13.5 How do you find a basis for the column space from RREF?
Knowing $C(A)$ is a subspace, we want a basis for it — a minimal, independent set of columns whose span is all of $C(A)$. The columns themselves span $C(A)$ by definition, but they may be redundant (the rank-1 example had three columns spanning a one-dimensional line — two were wasted). We need to throw out the redundant ones and keep an independent spanning set. Row reduction tells us exactly which to keep.
Here is the recipe, and then the crucial caveat. Row-reduce $A$ to its RREF $R$ (Chapter 4). The columns of $R$ that contain pivots are the pivot columns; the others are free columns. The rule is:
A basis for $C(A)$ is the set of pivot columns — taken from the original matrix $A$, not from $R$.
The dimension of $C(A)$ is therefore the number of pivots, which is the rank of $A$. Why does this work? Row reduction is a sequence of row operations, and row operations change the column space (they mix the entries of each column), so the columns of $R$ are generally not in $C(A)$ at all. But row operations preserve the dependence relations among the columns: a set of columns of $A$ is independent exactly when the corresponding columns of $R$ are independent, because both express the same null-space relations (this is the Chapter 6 fact that $A$ and $R$ have the same null space). In $R$, the pivot columns are visibly independent (each has a leading 1 in a fresh row) and the free columns are visibly combinations of earlier pivot columns. So the pivot positions identify which original columns to keep — but the vectors you keep must be the original ones, because those are the ones actually living in $C(A)$.
Warning
— This is the trap that catches everyone the first time: the basis for $C(A)$ uses the pivot columns of the original $A$, never the columns of the reduced $R$. Row reduction destroys the column space (it preserves the row space instead — that is Chapter 14). Use $R$ only to locate the pivot positions; then go back to $A$ and read off those columns. If you hand back columns of $R$, you have computed a basis for the wrong subspace. A clean memory hook: rows are for finding, columns are from the original.
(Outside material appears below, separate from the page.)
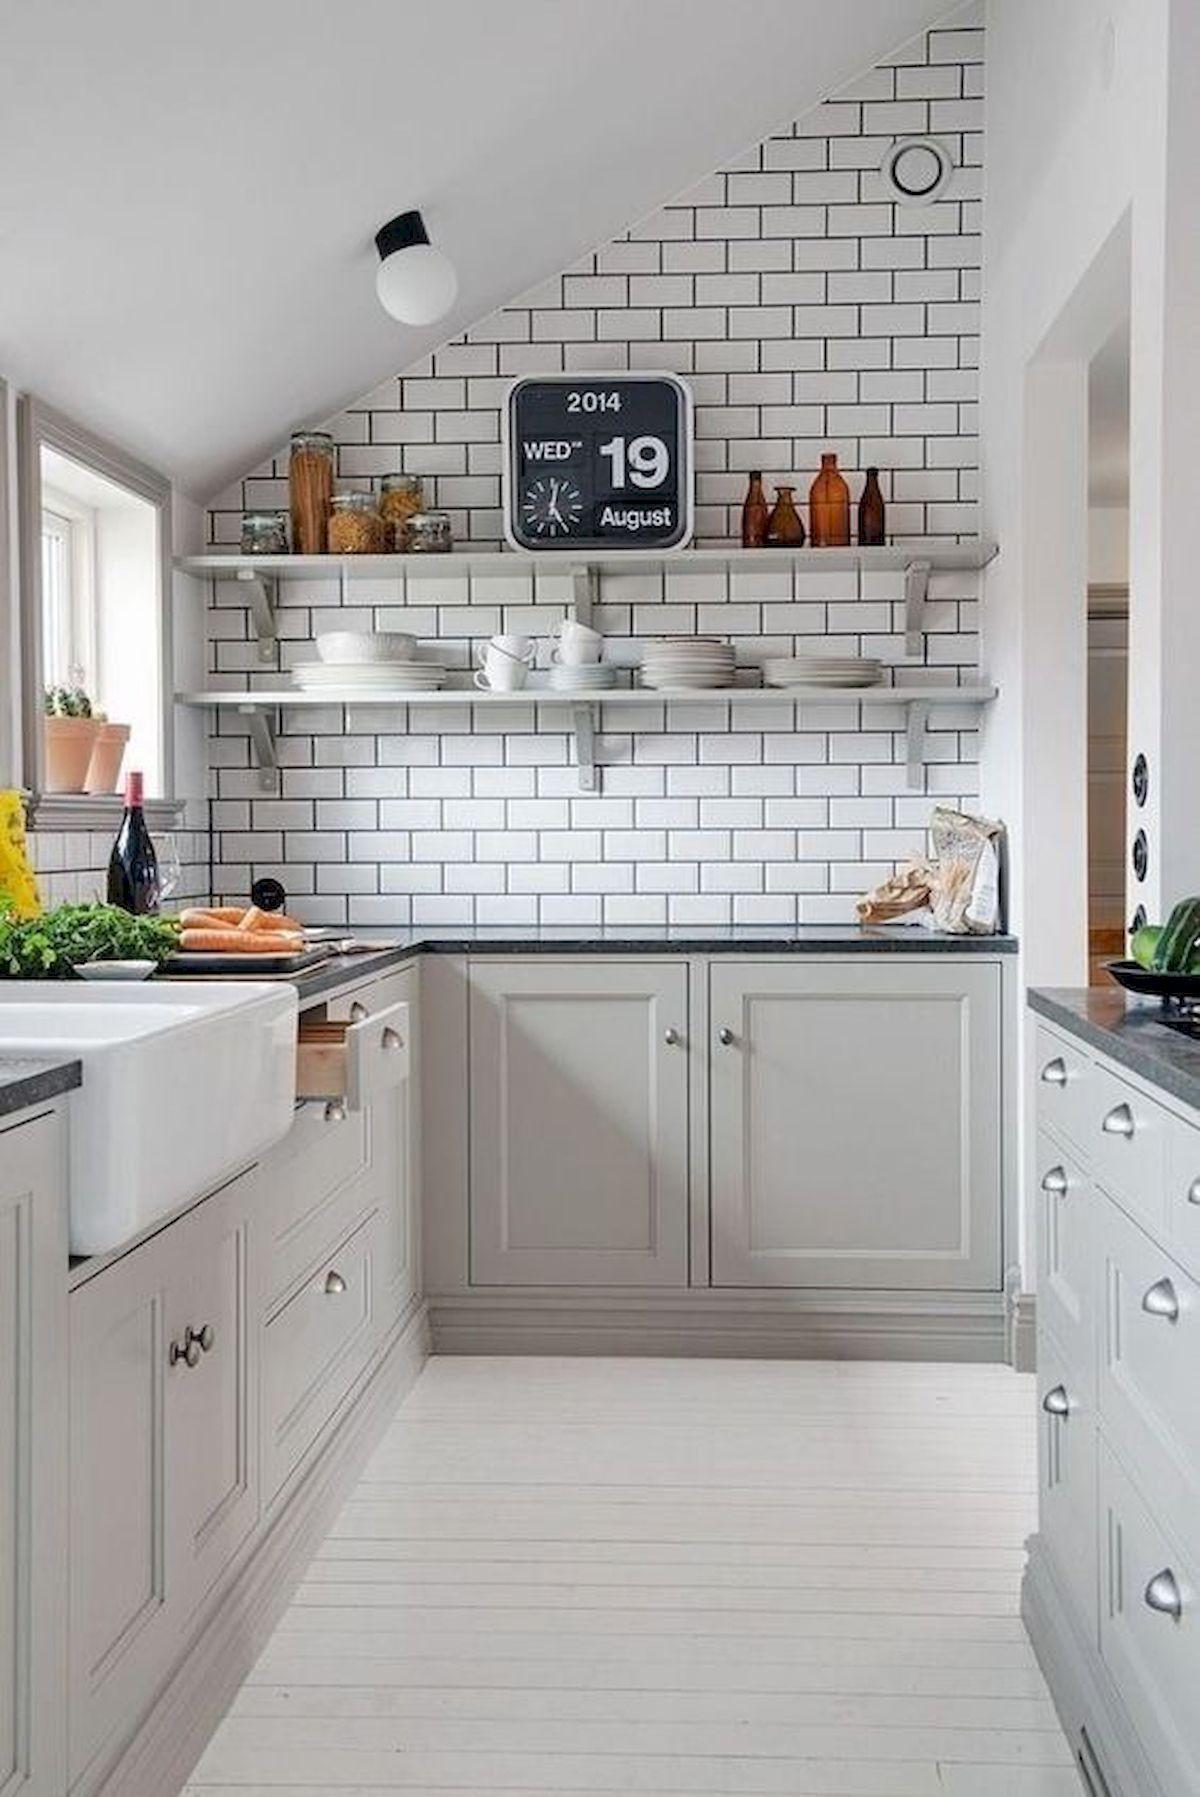 Best Small Kitchen Design Ideas Small Kitchen Inspiration

Common Pitfall — "Just pick any $r$ columns of $A$, where $r$ is the rank." Not quite — you must pick the pivot columns specifically, because those are guaranteed independent. A random set of $r$ columns can be dependent (imagine choosing the two parallel columns of a rank-1 matrix). The pivot columns are the canonical independent choice; row reduction is precisely the tool that finds them.
13.6 How do you find a basis for the null space — the special solutions?
The null space recipe is just as mechanical, and it is the more beautiful of the two because the basis vectors fall out of the free variables. To find $N(A)$, solve $A\mathbf{x} = \mathbf{0}$ by row-reducing $A$ to $R$ (the right-hand side stays $\mathbf{0}$ through every operation, so we needn't carry it). In $R$, the variables split into two kinds: pivot variables (the columns with pivots) and free variables (the columns without). The free variables are exactly that — free — you may set them to anything, and each choice forces the pivot variables.
The trick that produces a basis is to switch the free variables on one at a time. For each free variable, set it to $1$ and all other free variables to $0$, then solve for the pivot variables from the rows of $R$. The resulting vector is called a special solution. There is one special solution per free variable, and:
The special solutions form a basis for the null space $N(A)$. The number of special solutions equals the number of free variables, which is therefore $\dim N(A)$ (the nullity).
Why are they a basis? They span $N(A)$ because any null-space vector is recovered by taking that vector's free-variable values as the weights and adding up the corresponding special solutions (the linearity of the construction guarantees this). And they are independent because each special solution has a $1$ in a free-variable slot where every other special solution has a $0$ — no special solution can be built from the others, since none of the others can supply that $1$. Spanning plus independent is the definition of a basis (Chapter 6).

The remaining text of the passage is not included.